We would like to know what deals have been done in relation to the exercise of the veto.
Kerry O'Brien (Tasmania, Australian Labor Party, Shadow Minister for Transport) Share this | Link to this | Hansard source
Senator Ferguson says, ‘No deals,’ but it would be interesting if Minister McGauran, or indeed Senator Abetz—if we had the time—were able to assure the public just how this process would work. This is, unfortunately, another instance where it will be difficult to examine how the veto power is used. It is a blunt power as it stands. AWB has the veto and it has used it every time, with one exception—which it claims was a mistake that had slipped through. There was not much to investigate; it was simply a stonewall position by AWB. But now we see a media comment suggesting that a decision has already been made to allow CBH to do a bulk shipment of two million tonnes. We would like to know more about that.
Secondly, yesterday AWB put out a media release, which I think affected the stock exchange dealings with AWB shares, saying that AWB were unable to provide certainty because of the lack of clarity in the government’s proposed changes, including how the bulk veto would be applied in future. I have some sympathy for them—not about many things—in relation to understanding how the veto would work, because it is delightfully vague on how the minister is going to use this power. We ought to have had a more extensive statement by the minister in his second reading contribution as to just how he would exercise this power.
As Senator Johnston said, the reference to the public interest in the legislation does not give us any certainty as to the criteria that the minister will take into account, what he is limited to considering and the matters which are inappropriate for him to consider. All of these things have been done in a rather haphazard, rushed and slapdash manner. The opposition is concerned that this is hasty legislation and we are not being given an opportunity to properly consider it. Because of the rolling guillotine our amendment will not be given proper consideration. In his second reading contribution Senator Ian Macdonald said that he had not seen our amendment but he was going to vote against it.
Eric Abetz (Tasmania, Liberal Party, Minister for Fisheries, Forestry and Conservation) Share this | Link to this | Hansard source
It was a pretty good hunch though.
Kerry O'Brien (Tasmania, Australian Labor Party, Shadow Minister for Transport) Share this | Link to this | Hansard source
That mindset from government senators should not amaze anyone, but it indicates what a closed mind this government has about improving legislation. I heard what Senator Abetz said about Labor’s amendment. What Labor would have occur, as set out in our amendment, is a proper, authoritative consideration of all the issues around the single desk by people appointed who have the powers and protections of an inquiry conducted by the Productivity Commission in accordance with the Productivity Commission Act 1998. They would have the ability to probe all of the material held by AWB and AWB International. They would have the ability to make determinations and recommendations and those determinations and recommendations would be made public.

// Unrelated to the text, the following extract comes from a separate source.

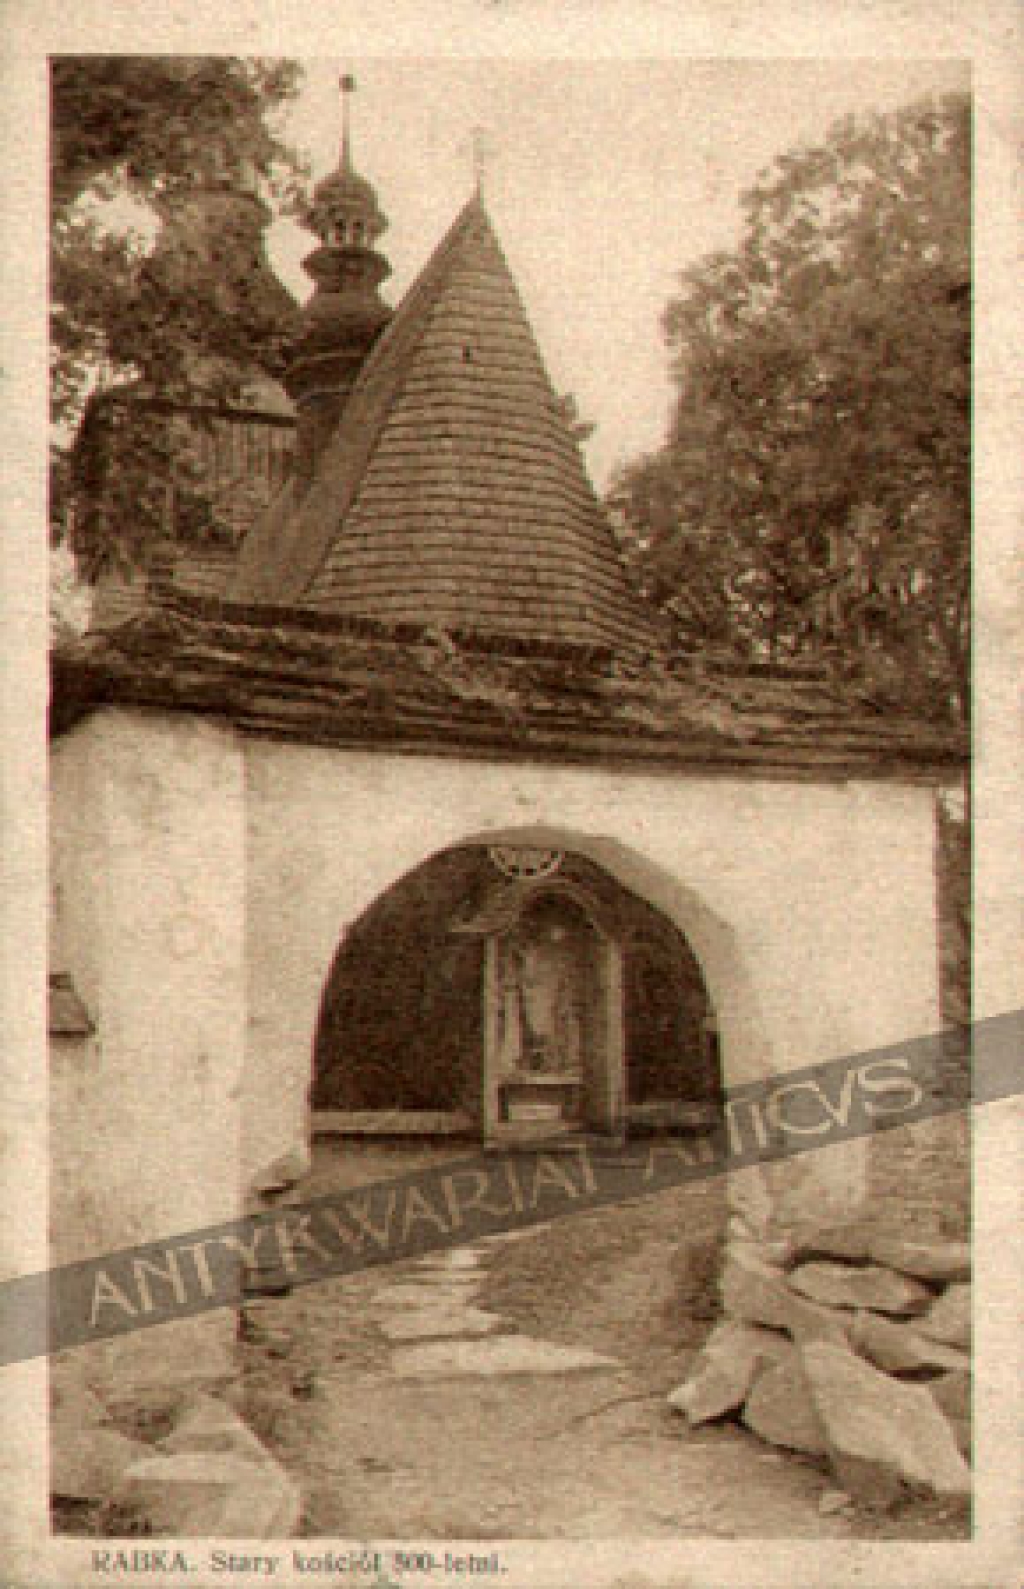 [pocztówka, ok. 1930] Rabka. Stary kościół 500-letni

If you can believe the utterances of this government and leaked sources coming from the government, what we are going to have is some inquiry appointed where the government will hand-select some people on the basis of criteria we have no understanding about. There will be a secret report to the government and the government will say, ‘We’ve made a determination; we’re going to put this new system in place’—if, indeed, they change the system. In the opposition’s view, this will be a political fix, just like the current set of arrangements.
Looking at the current set of arrangements, back in 2002 and 2003 the opposition was saying to the government: ‘The Wheat Export Authority is a paper tiger; it is useless. Grain growers are paying money to prop up this organisation.’

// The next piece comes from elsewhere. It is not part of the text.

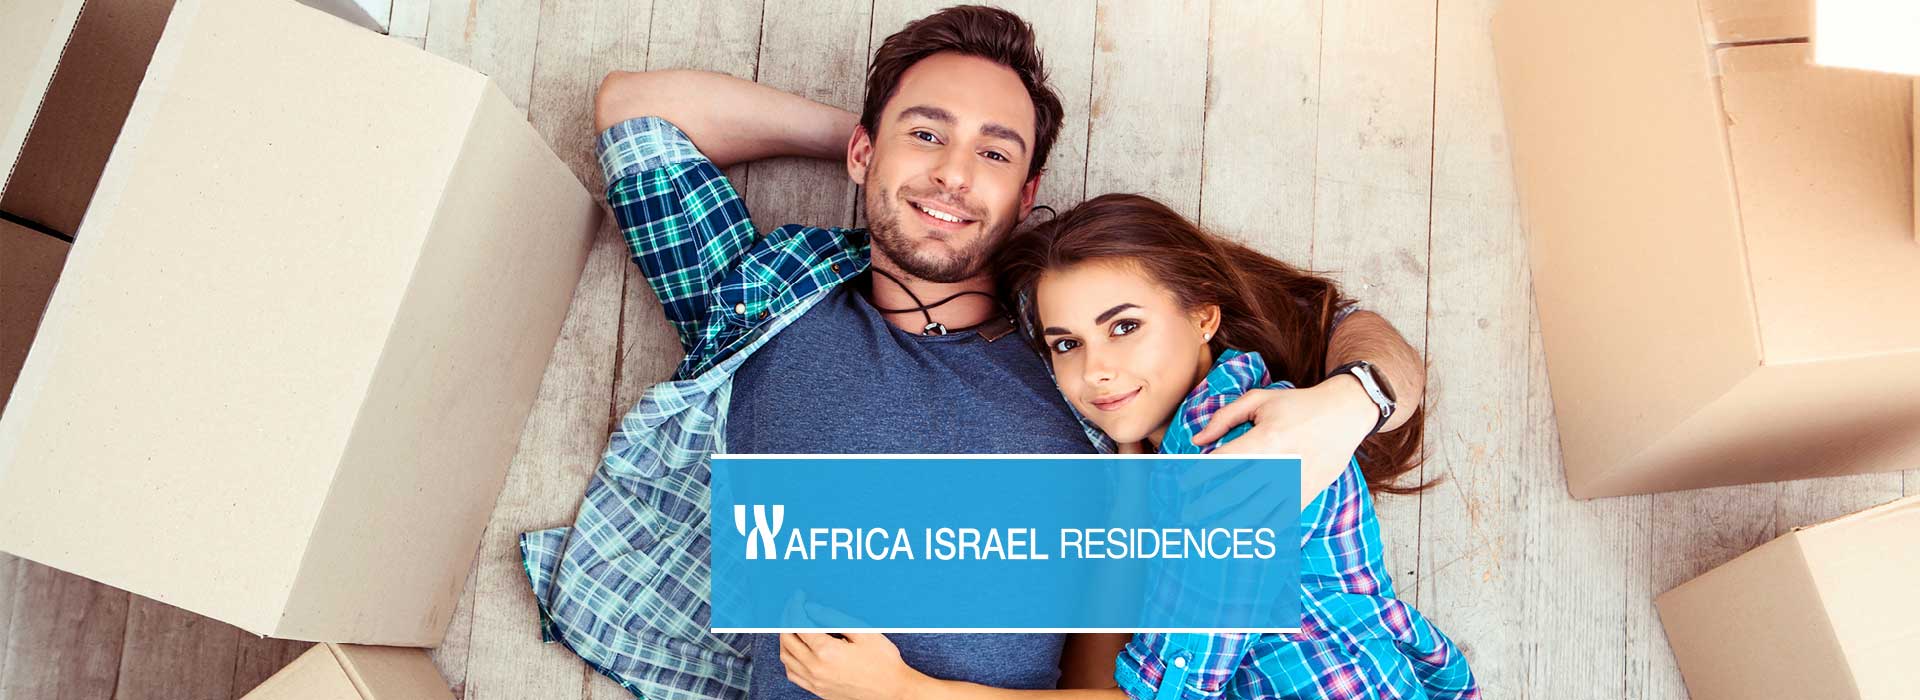  Africa Israel Residence

Kerry O'Brien (Tasmania, Australian Labor Party, Shadow Minister for Transport) Share this | Link to this | Hansard source
It is toothless or, if it does have teeth, it refuses to use them. Growers have spent millions of dollars to keep the organisation going. Why don’t we just get rid of it? In 2003, when we moved amendments which would have had that effect, we were simply blocked by the government and, may I say, the Democrats. Former Senator Cherry was on all fours with the government’s position and was not prepared to support the thoroughgoing inquiry that we propose now, the sort of inquiry which would have given us some indication of what the problems were with the system, how the system was working and, to an extent at least, what the single desk was worth to growers. With all the money that has been paid to the Wheat Export Authority over the years, they have never been able to quantify the value of the single desk to growers. We did learn that they are paying $65 million a year for the privilege of having a single desk and AWB collecting that money, plus other bonus fees that they collected through mechanisms that not even the growers understood in terms of how AWB managed to reap more money out of the pool, allegedly for achieving an outcome over what might have been seen to be the norm. All of this was vague and was never put to the growers. The minister may have seen something, but that information never made it into the hands of the growers.

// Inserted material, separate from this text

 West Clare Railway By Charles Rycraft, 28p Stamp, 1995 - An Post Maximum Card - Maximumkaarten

It has been an appalling system. It was an appalling system when it was put in place. From 2000, then Minister Truss was aware that there were problems with the powers of the Wheat Export Authority. Nothing was done about them until they were drawn to the attention of the minister through the opposition’s pursuit of the Wheat Export Authority. Through Senate estimates, through Senate committees and then finally through the Senate committee inquiry into this bill, we got some changes to the powers. But, of course, now we know that the Wheat Export Authority was so moribund and the WEA personnel were so incapable of doing whatever job was intended by the government—if indeed it was intended that they were supposed to be effective in relation to their stewardship of the single desk—that AWB went on doing whatever it liked for as long as it liked, and we got into the mess that we are in now.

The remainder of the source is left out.